**DATA TO USE**
^^^^

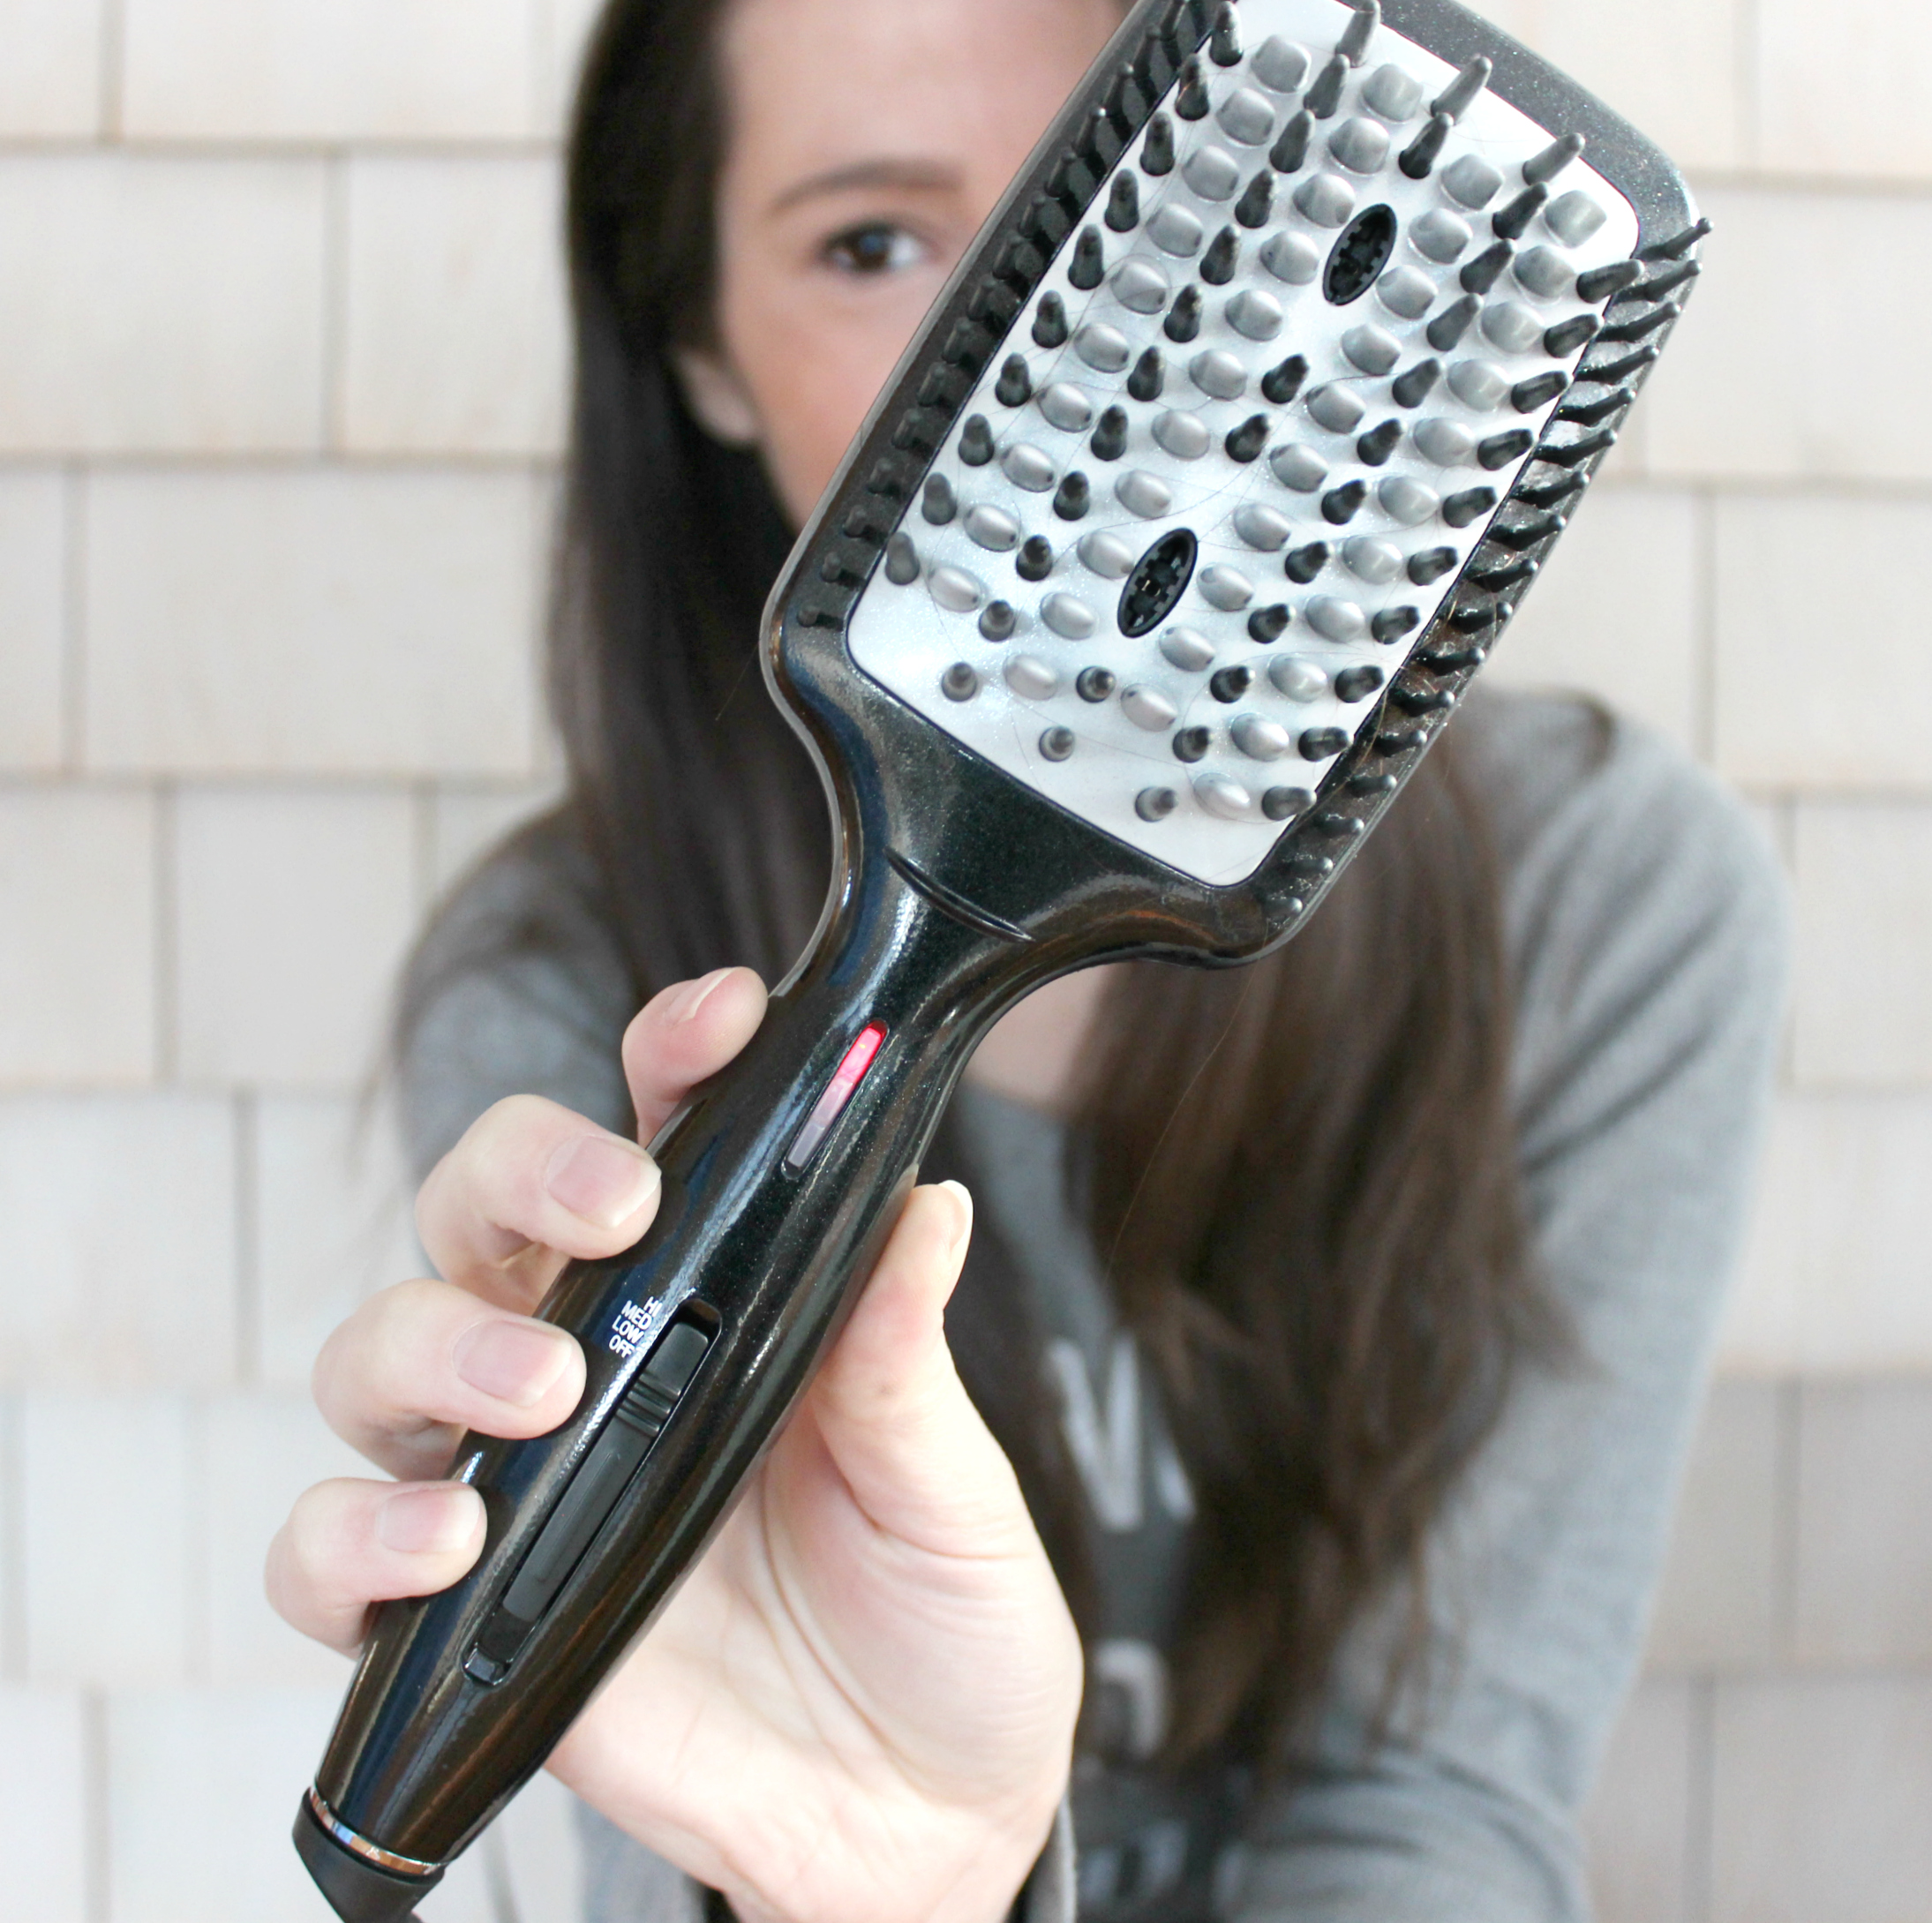 An at home blowout tutorial using the new Conair Infiniti Pro Spin Air Brush Styler
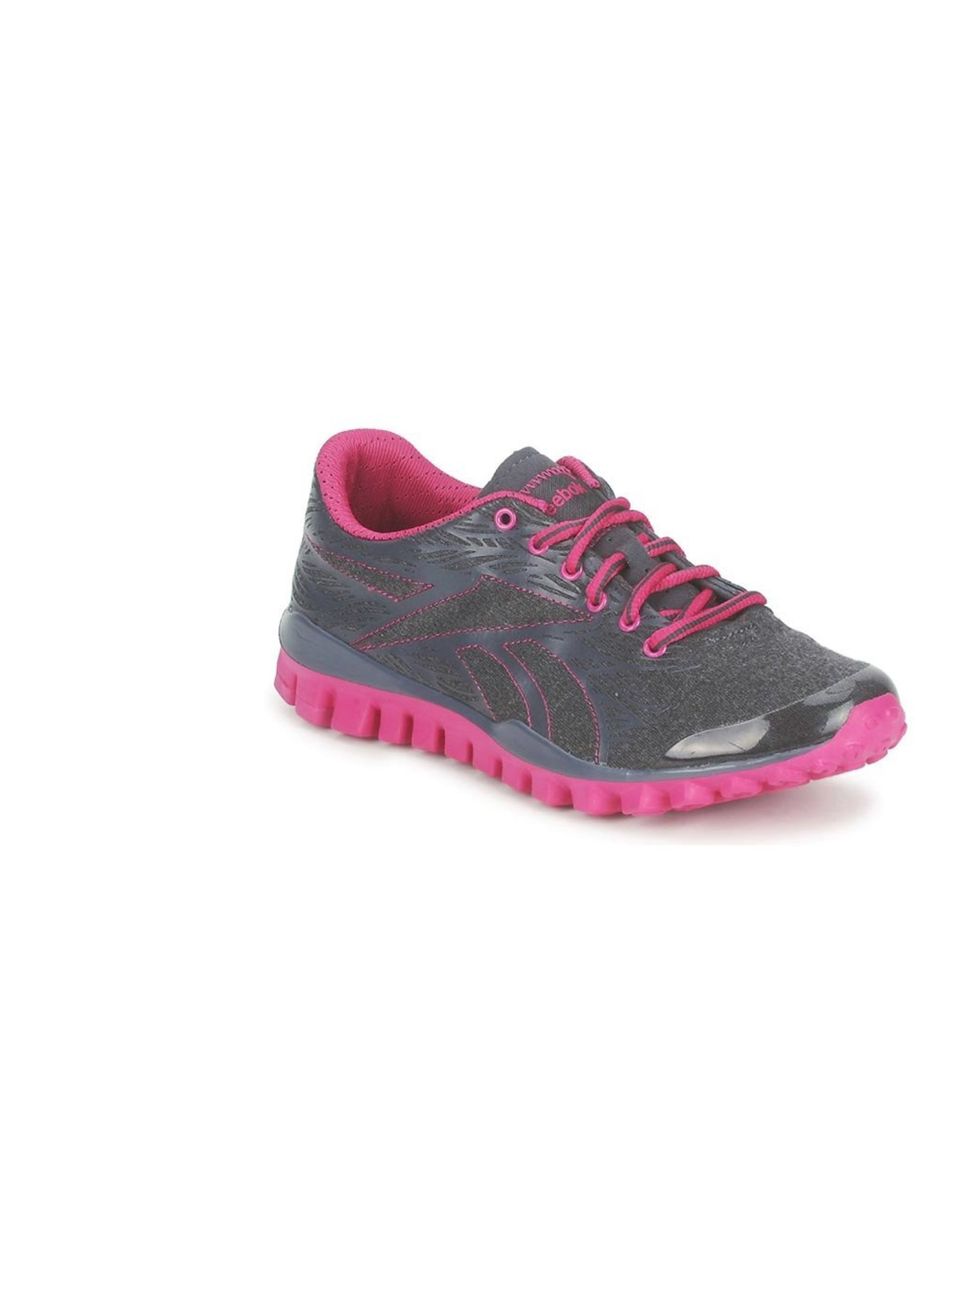 <p><strong><a href="http://shop.reebok.com/GB/search?t=realflex&amp;cm_sp=Brand-_-ProductBLock-_-Shop_RealFlex&amp;cm_sp=Brand-_-ProductBlock-_-Custom_fitness_menswomens_realflex_RealFlex_promo">Reebok</a> RealFlex Train £65</strong></p><p><strong>Weight:
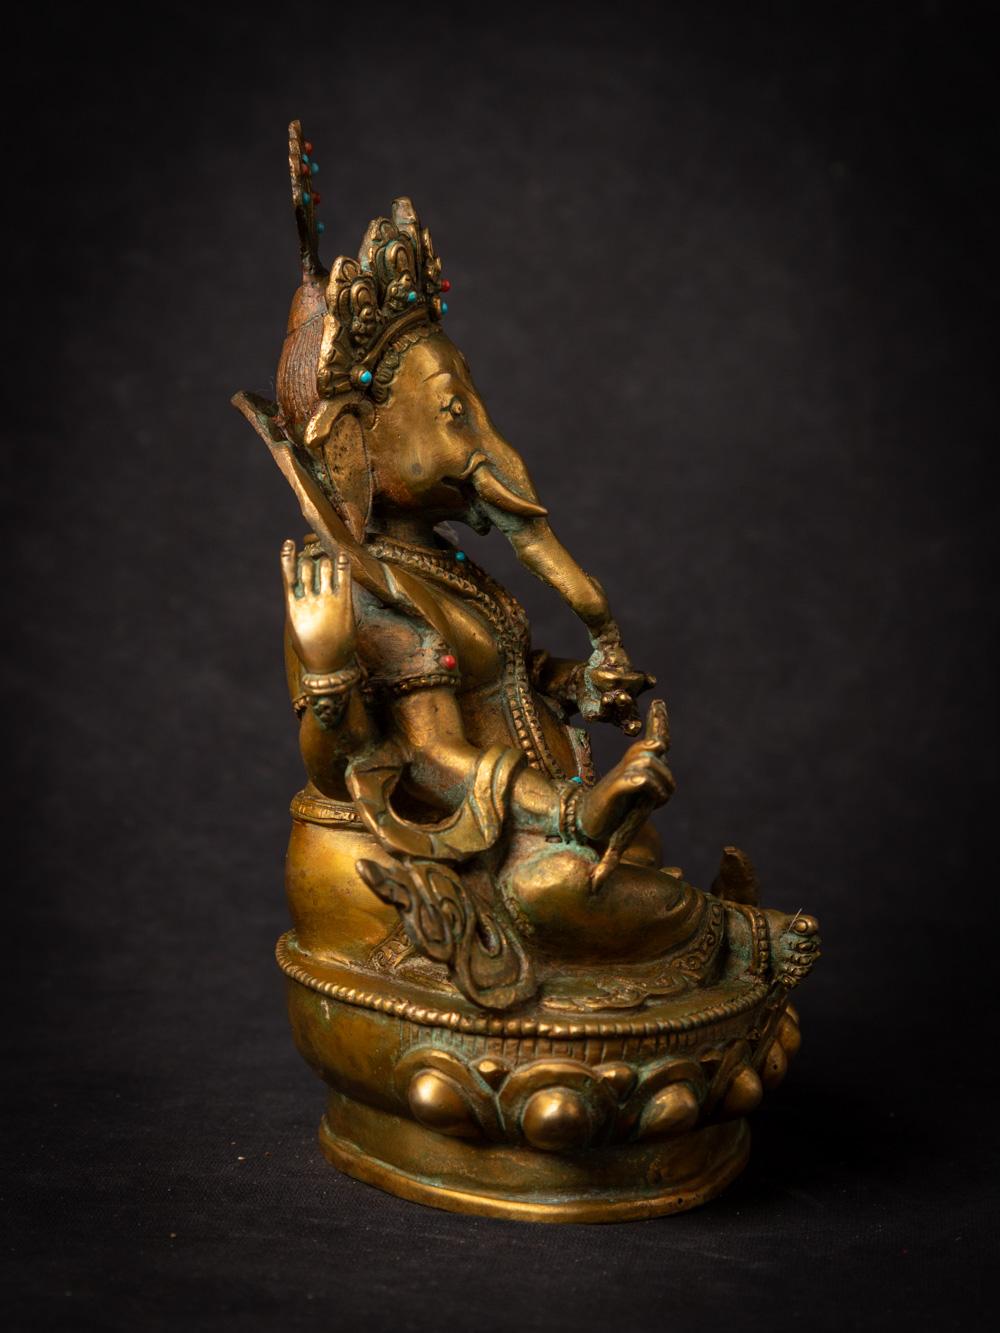 20th Century Middle 20th century old bronze Nepali Ganesha statue fire gold gilded
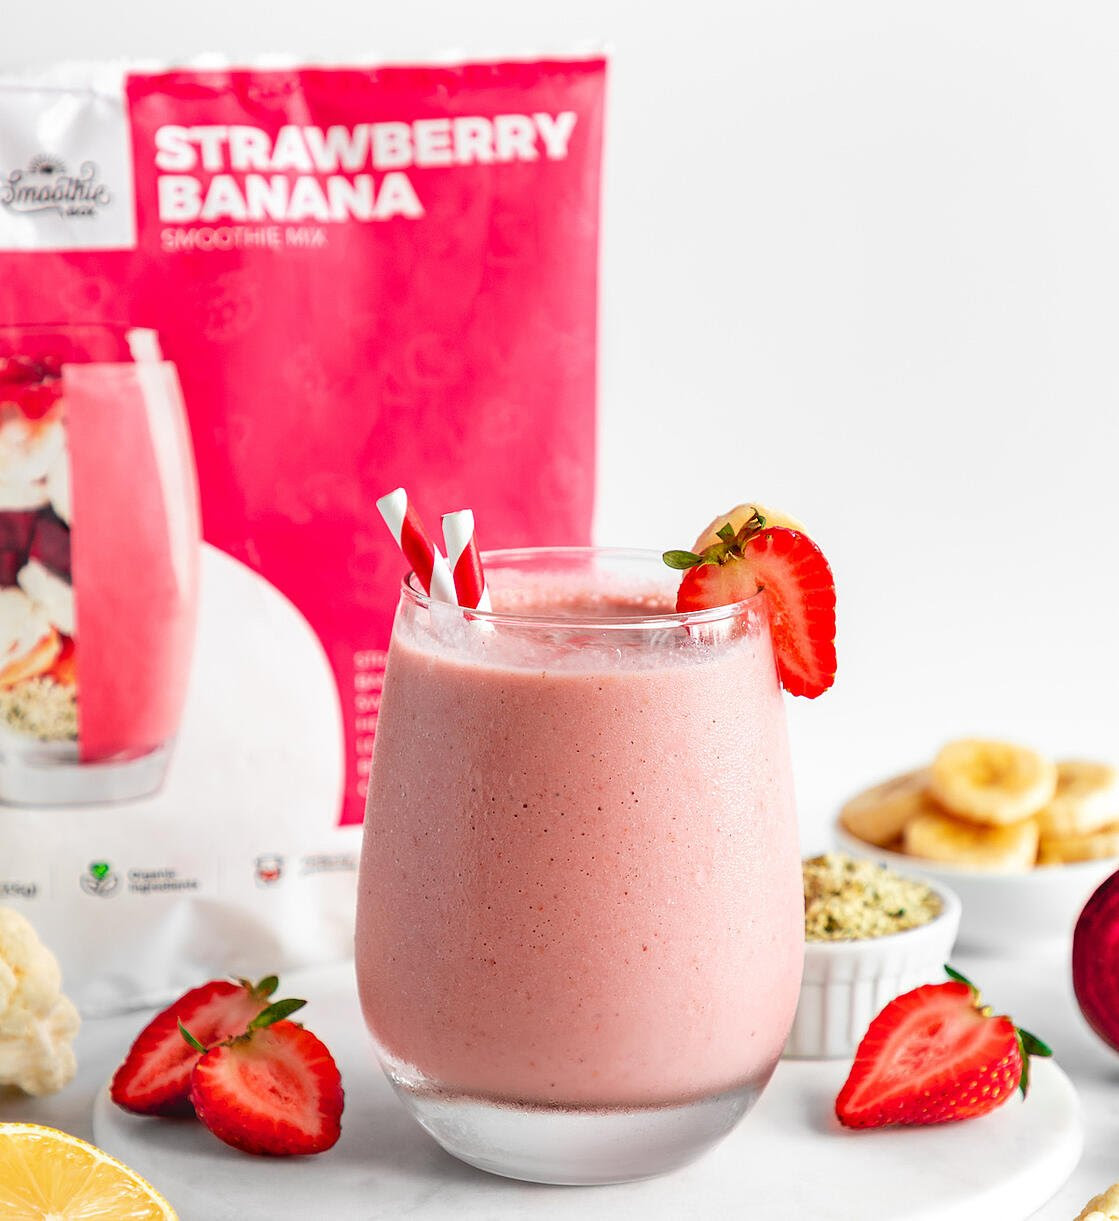 SmoothieBox Launches New Smoothie Flavor: Strawberry Banana! - Hello  Subscription
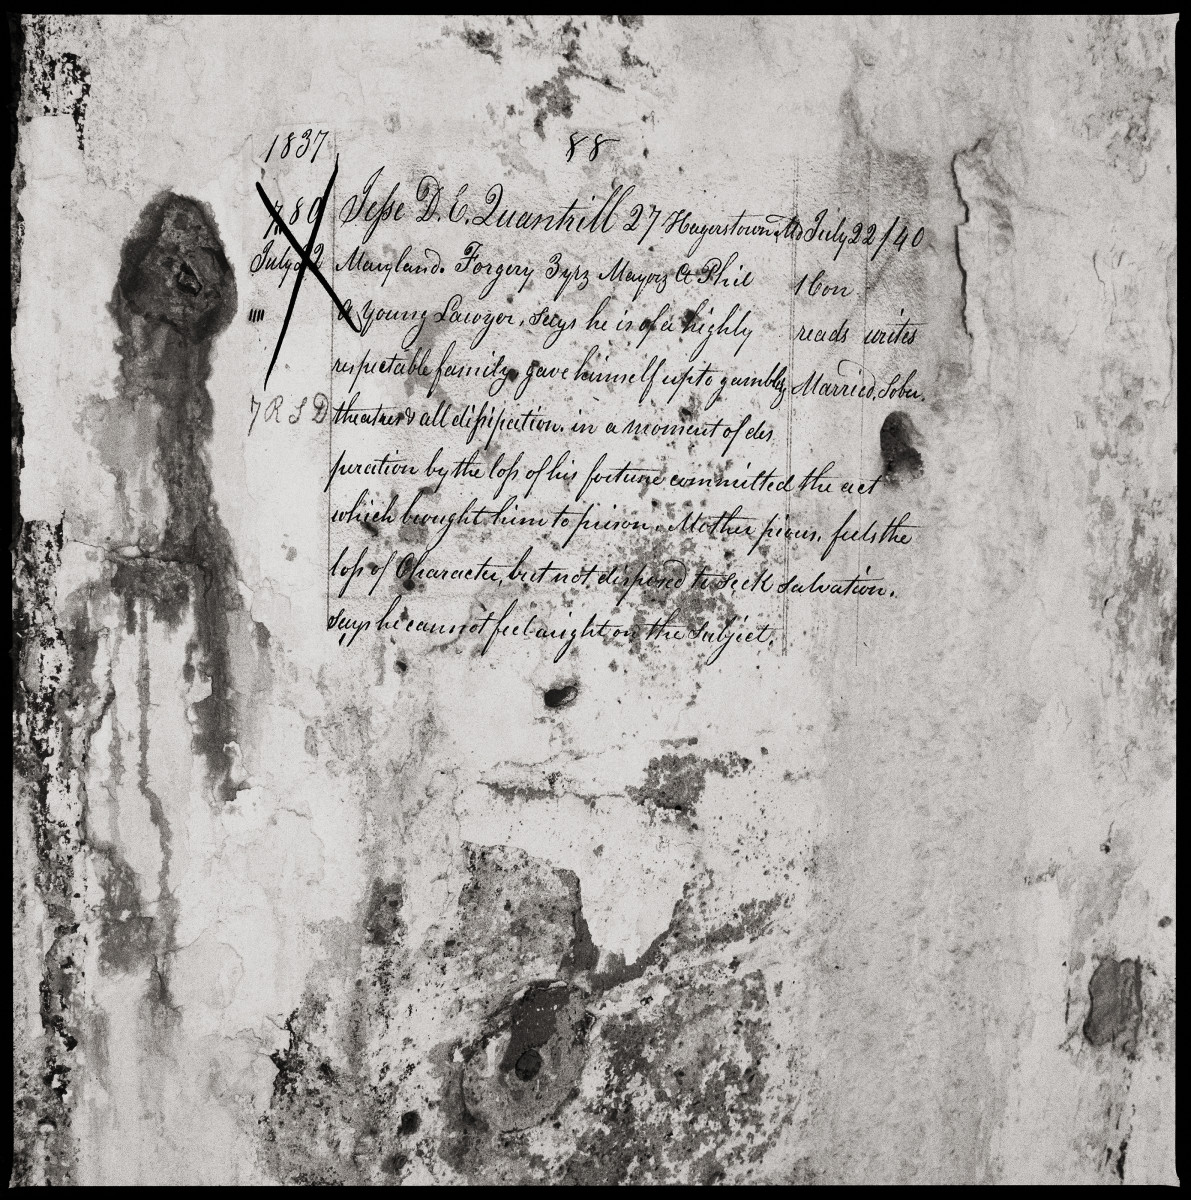 Jepe D. E. Quantrill by Eric T. Kunsman  Image: ID: A black and white image shows a decrepit wall with chipped paint and discoloration.  Overlaying the image is information about former prisoner Jepe D. E. Quantrill.

^^^^

**YOUR GOAL**
Transcribe the data exactly and leave no picture in the copy.

**ANSWER FOR THIS EXERCISE**
 An at home blowout tutorial using the new Conair Infiniti Pro Spin Air Brush Styler
 <p><strong><a href="http://shop.reebok.com/GB/search?t=realflex&amp;cm_sp=Brand-_-ProductBLock-_-Shop_RealFlex&amp;cm_sp=Brand-_-ProductBlock-_-Custom_fitness_menswomens_realflex_RealFlex_promo">Reebok</a> RealFlex Train £65</strong></p><p><strong>Weight:
 20th Century Middle 20th century old bronze Nepali Ganesha statue fire gold gilded
 SmoothieBox Launches New Smoothie Flavor: Strawberry Banana! - Hello  Subscription
 Jepe D. E. Quantrill by Eric T. Kunsman  Image: ID: A black and white image shows a decrepit wall with chipped paint and discoloration.  Overlaying the image is information about former prisoner Jepe D. E. Quantrill.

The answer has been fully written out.